Try it: The whole listing below must be printed again exactly, images excluded.

Exercise data:
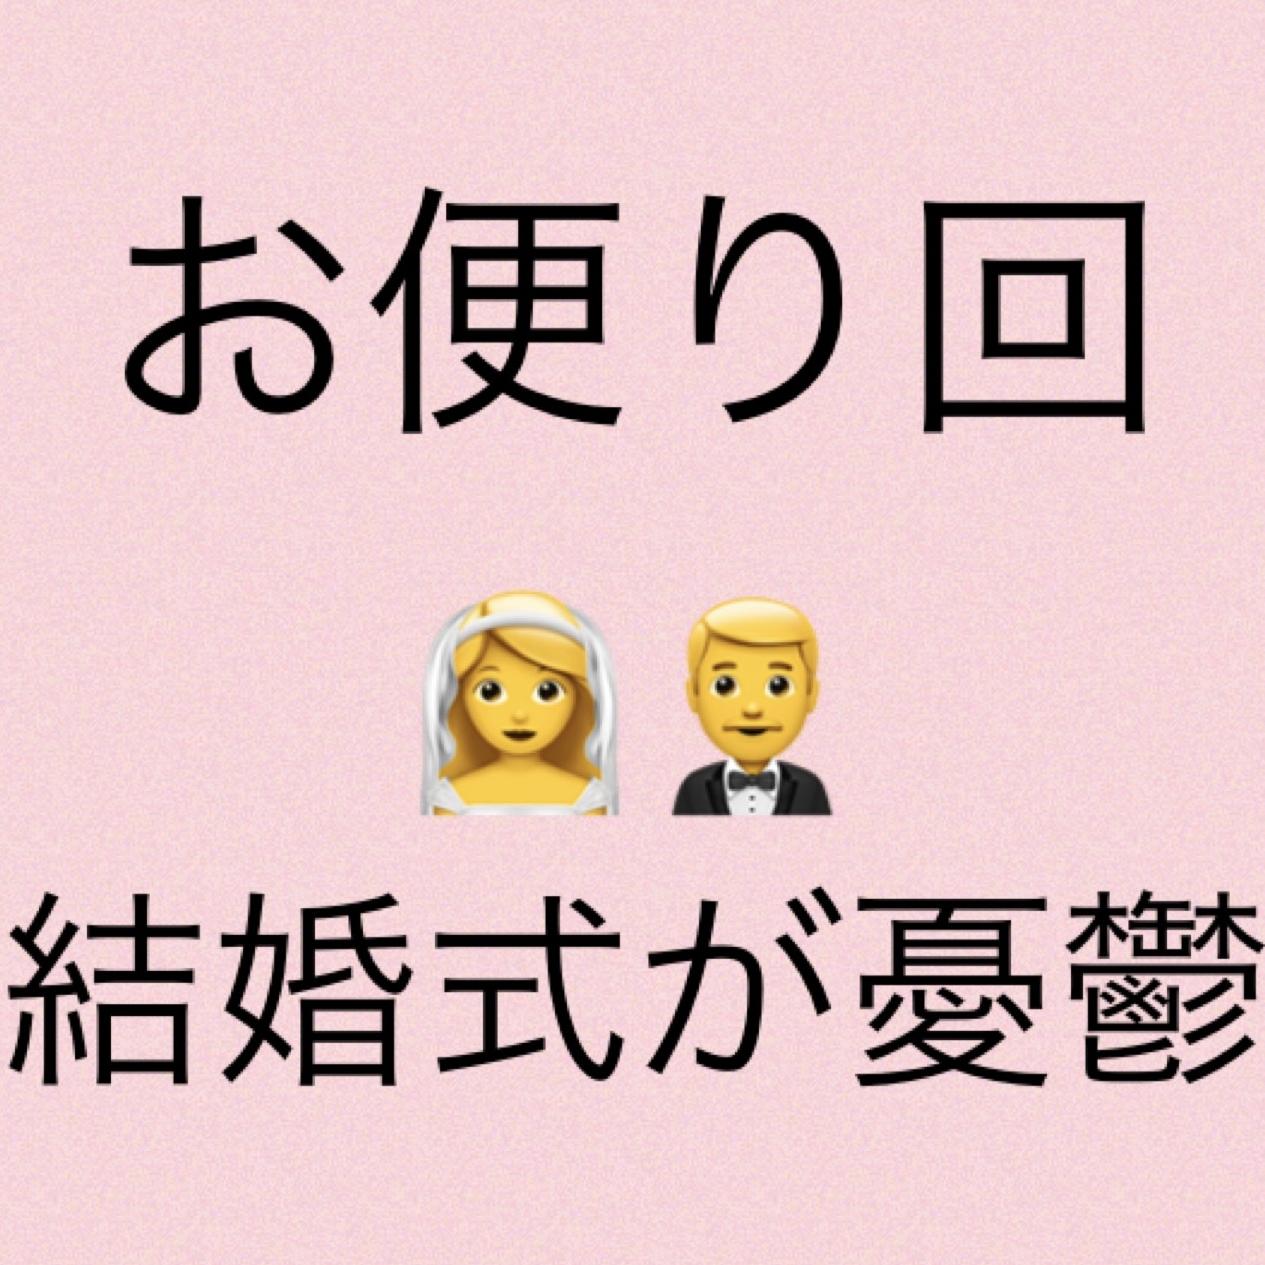 #32 ゲイと女と「結婚式が憂鬱」【お便り・最低な回答】
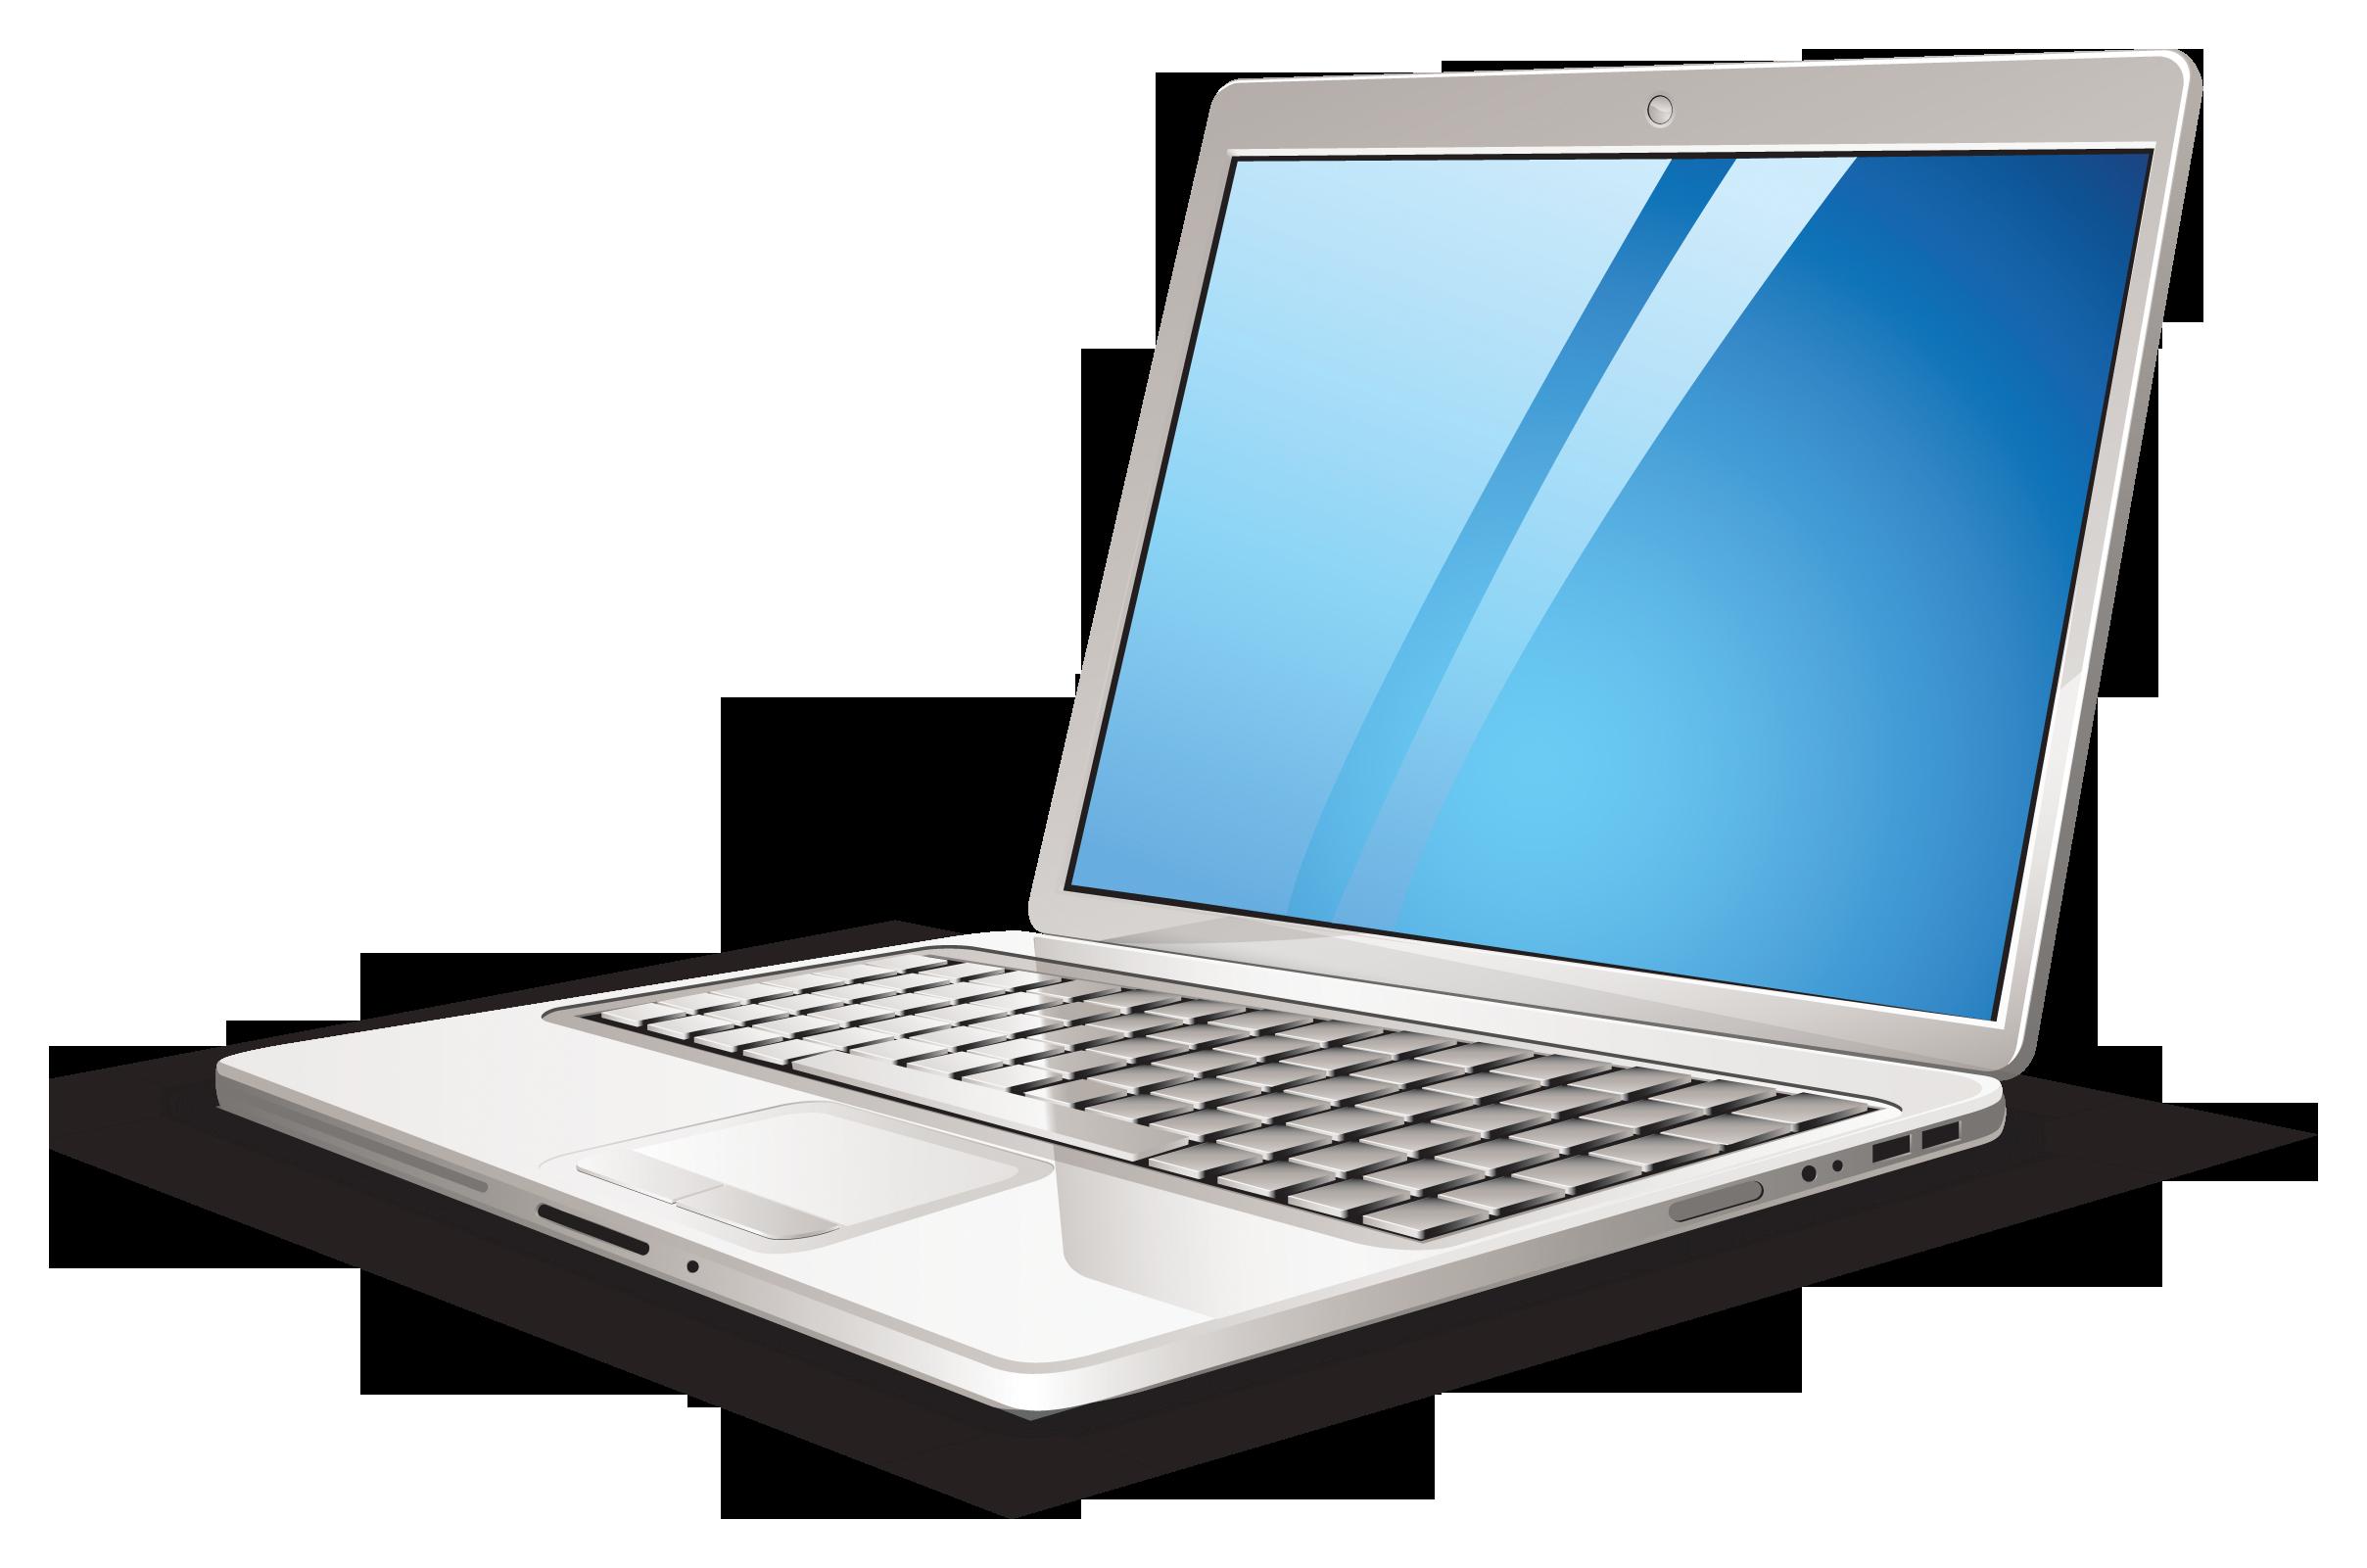 Laptop Free Download PNG - Free PNG Laptop
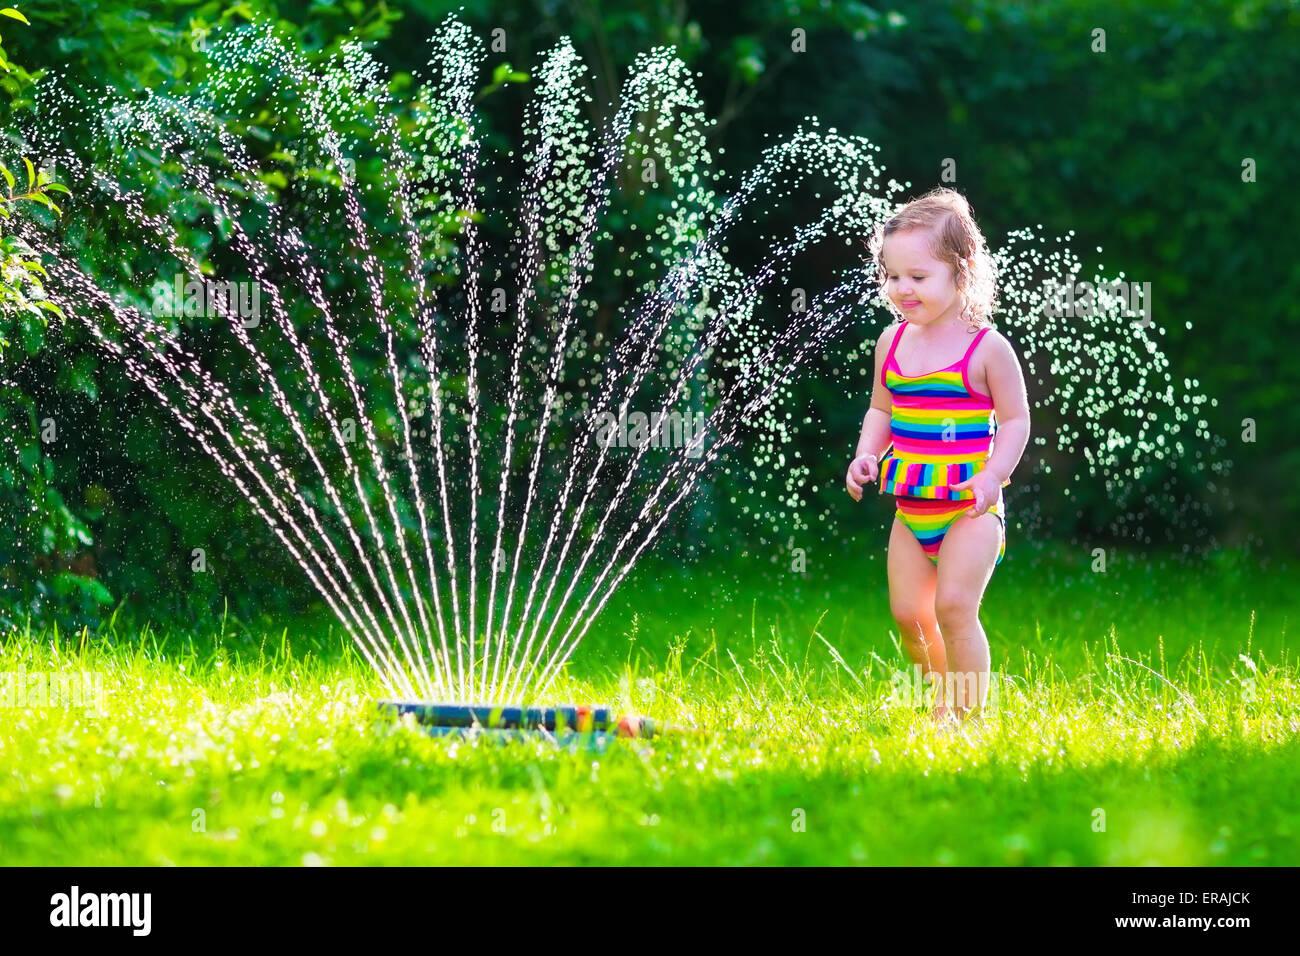 kind spielt mit garten sprinkler kid im badeanzug laufen und springen kinder im garten. Black Bedroom Furniture Sets. Home Design Ideas

Expected answer:
 #32 ゲイと女と「結婚式が憂鬱」【お便り・最低な回答】
 Laptop Free Download PNG - Free PNG Laptop
 kind spielt mit garten sprinkler kid im badeanzug laufen und springen kinder im garten. Black Bedroom Furniture Sets. Home Design Ideas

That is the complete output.